Podczas rutynowej kontroli lubińskich barów i restauracji w jednym z lokali stwierdzono, że cztery partie przetworów mięsnych przechowywano w warunkach niezgodnych z obowiązującymi przepisami i deklaracjami producentów, czyli w stanie zamrożonym, w temperaturze – 18º C, zamiast w stanie schłodzonym – od 0º C do 8º C.
Były to takie produkty jak golonki gotowane, kiełbasa śląska, kiełbasa biała surowa czy boczek wędzony. Jak tłumaczy Romualda Dumańska, starszy specjalista w legnickiej PIH, przechowywanie towarów w warunkach niezgodnych z deklaracjami producentów nie gwarantuje zachowanie właściwej jakości wyrobu. Może mieć też negatywny wpływ na zdrowie konsumentów.
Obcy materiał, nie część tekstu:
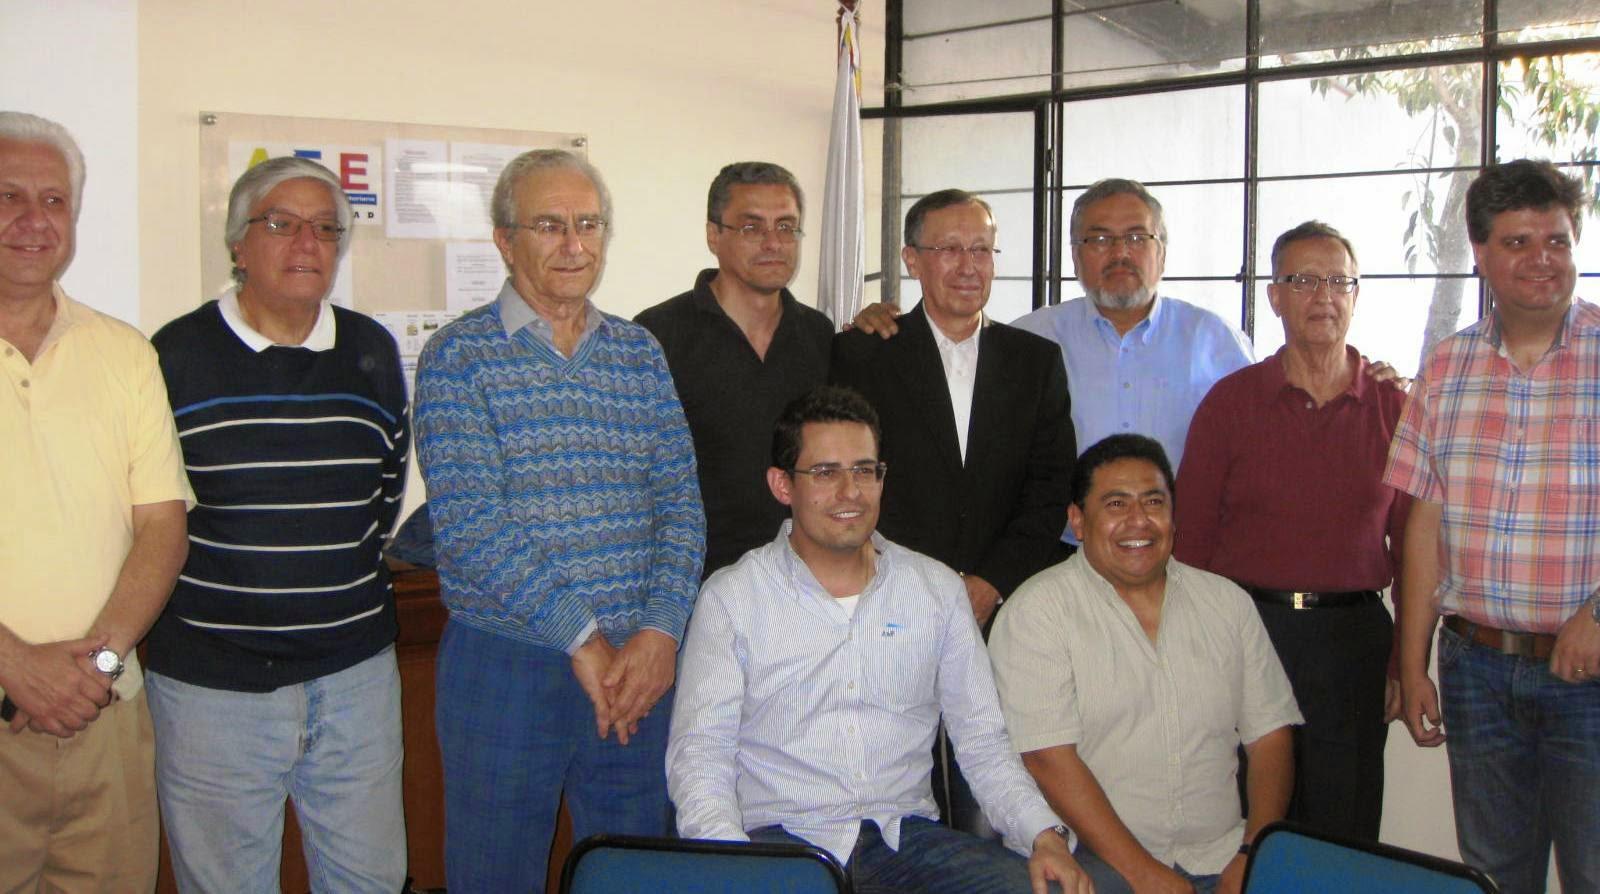 Para ocupar los cargos de Secretario y Tesorero, la elección recayó en Juan Pablo Aguilar y Fabián Celín, respectivamente.

– Naruszenie wymaganych warunków przechowywania pogarsza właściwości fizykochemiczne produktów i nie mogą być one przedmiotem dalszego obrotu. Produkty te zostały zakupione w stanie schłodzonym, a nie głęboko zamrożonym – podkreśla Romualda Dumańska. – Mając na uwadze ochronę interesów konsumentów oraz ich oczekiwania, co do jakości spożywanych produktów, na mocy decyzji administracyjnej wydanej w toku kontroli zakwestionowane produkty wycofano z obrotu, a przedsiębiorca ukarany został mandatem karnym – dodaje.